🤖 AI Summary
Existing diffusion language models, while capable of bidirectional contextual understanding and infilling, suffer from excessive parameter counts and high deployment costs. To address this, we propose CoDA—the first open-source 1.7B-parameter diffusion-based code encoder. CoDA innovatively integrates diffusion pretraining, code-centric mid-training, and instruction fine-tuning, augmented by a confidence-guided sampling mechanism that enhances generation quality without compromising inference latency. The model is trained and deployed efficiently using a TPU-optimized framework. On standard code-generation benchmarks—HumanEval, MBPP, and EvalPlus—CoDA matches or surpasses the performance of 7B-parameter diffusion models, demonstrating strong capabilities in program synthesis and context-aware code infilling. We fully open-source the model weights, evaluation toolkit, and reproducible training pipeline to foster community advancement.
📝 Abstract
Diffusion language models promise bidirectional context and infilling capabilities that autoregressive coders lack, yet practical systems remain heavyweight.

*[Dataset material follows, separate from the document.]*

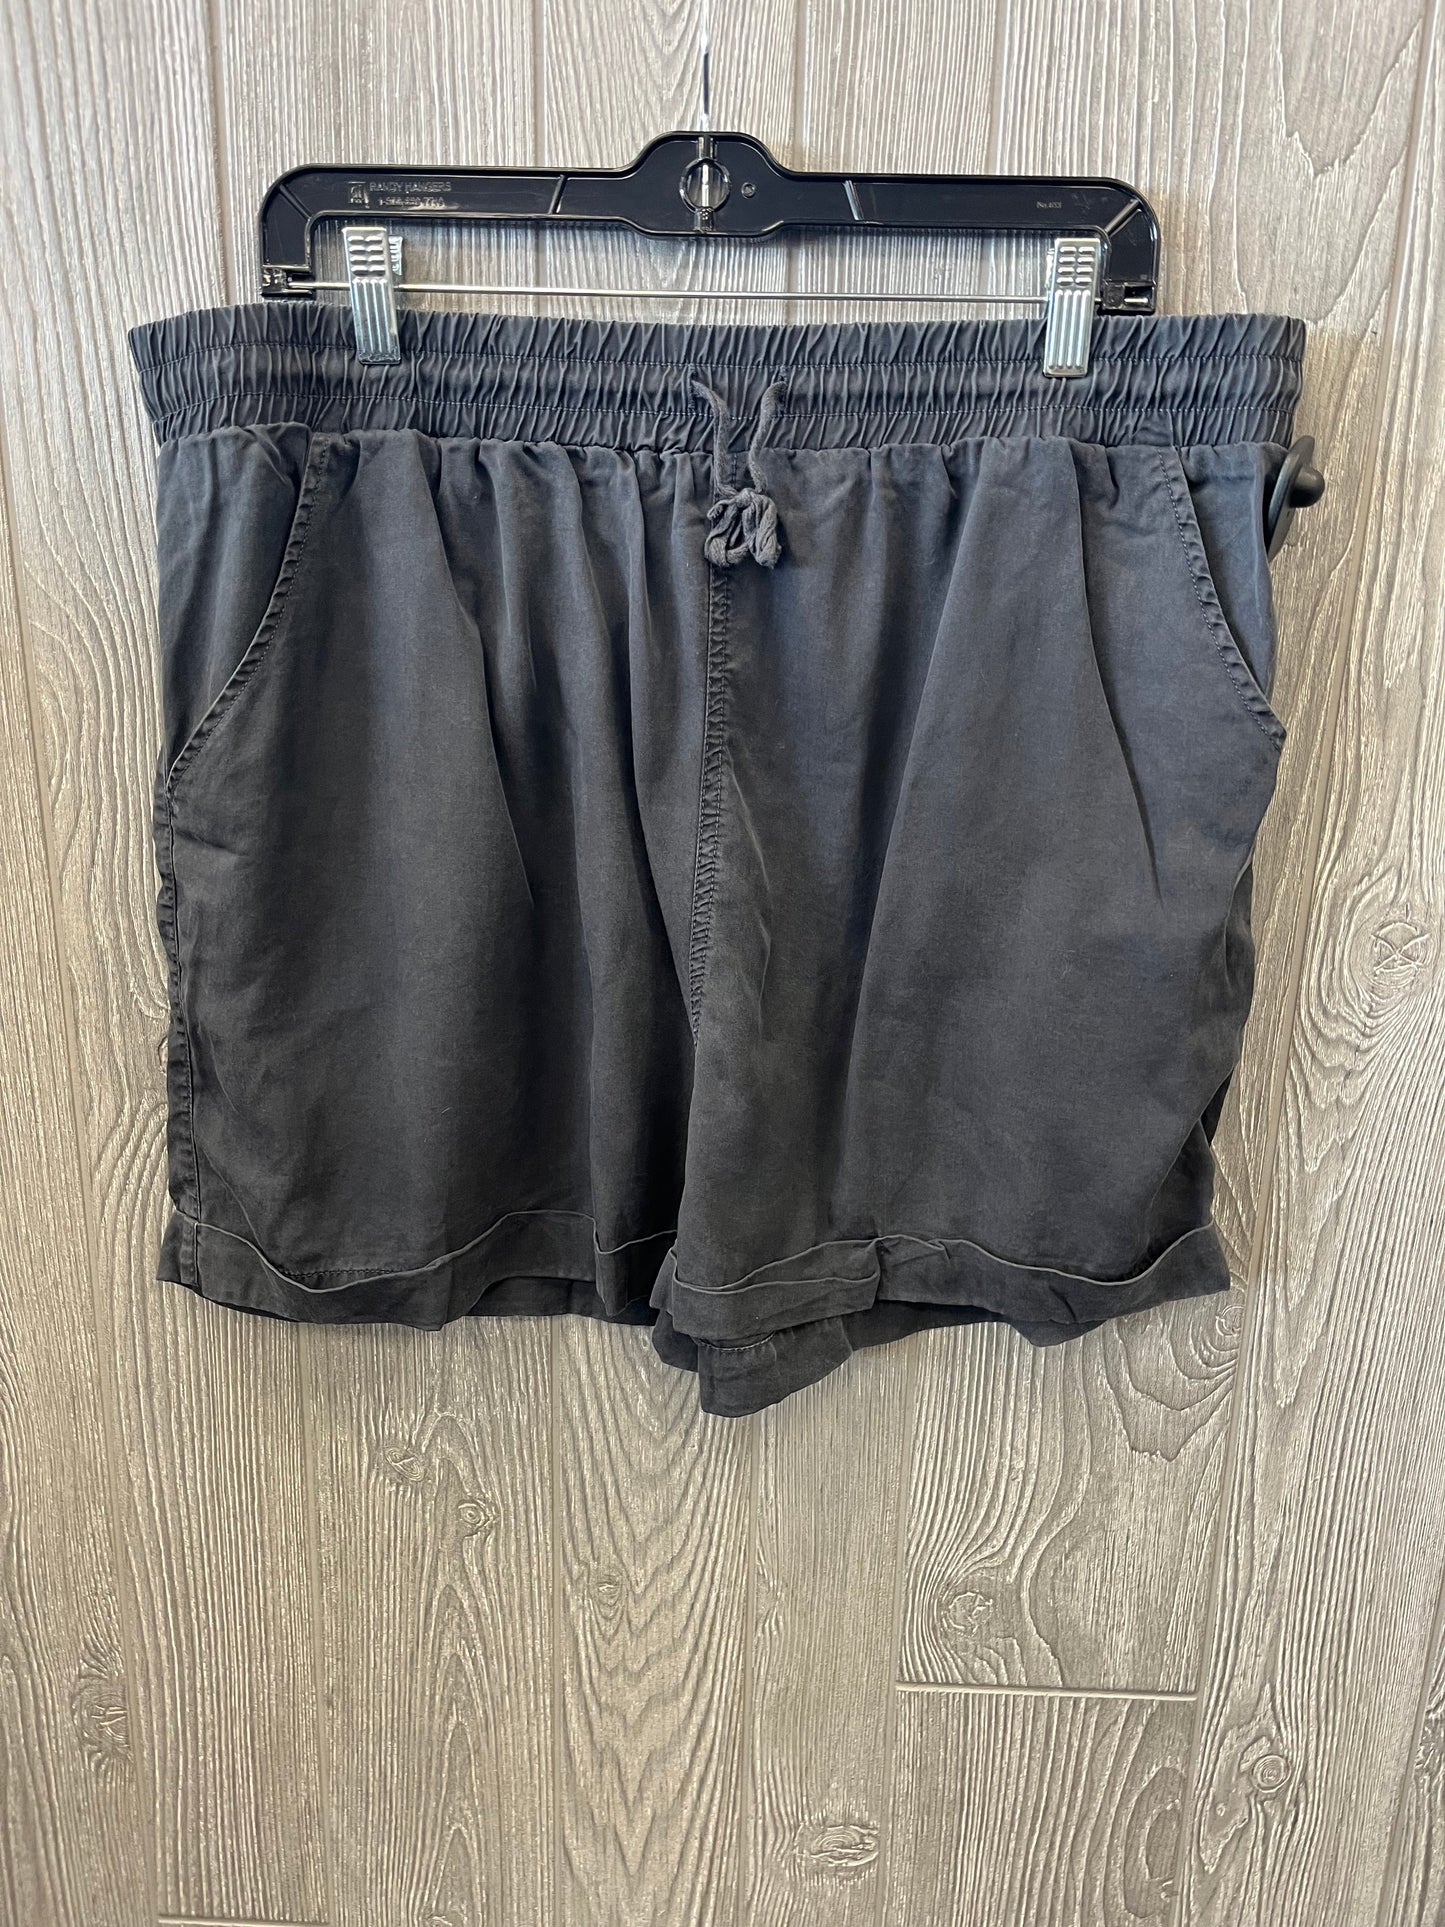 Shorts By Universal Thread  Size: Xxl
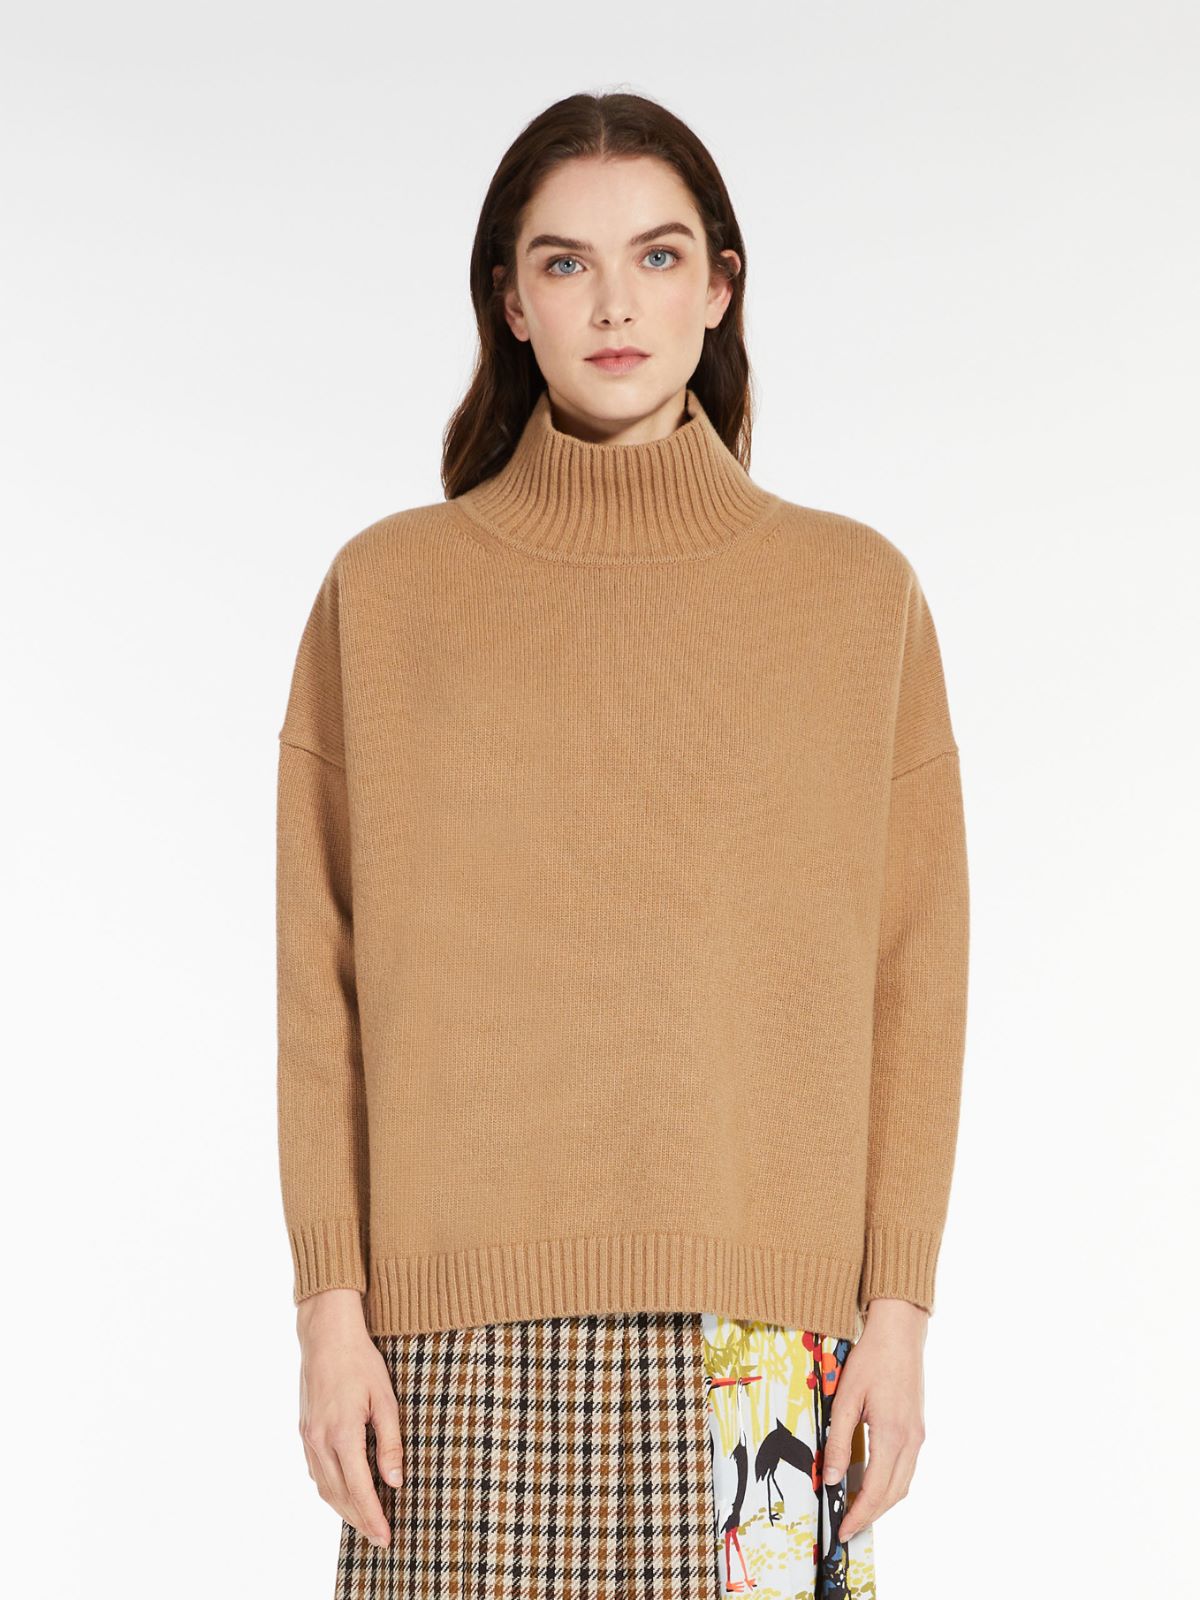 Carded wool sweater - CAMEL - Weekend Max Mara - 2

We introduce CoDA, a 1.7B-parameter diffusion coder trained on TPU with a fully open-source training pipeline. CoDA pairs large-scale diffusion pre-training with code-centric mid-training and instruction tuning, enabling confidence-guided sampling that keeps inference latency competitive. On Humaneval, MBPP, and EvalPlus, CoDA-1.7B-Instruct matches or surpasses diffusion models up to 7B parameters. Our release includes model checkpoints, evaluation harnesses, and TPU training pipelines to accelerate research on lightweight diffusion-based coding assistants.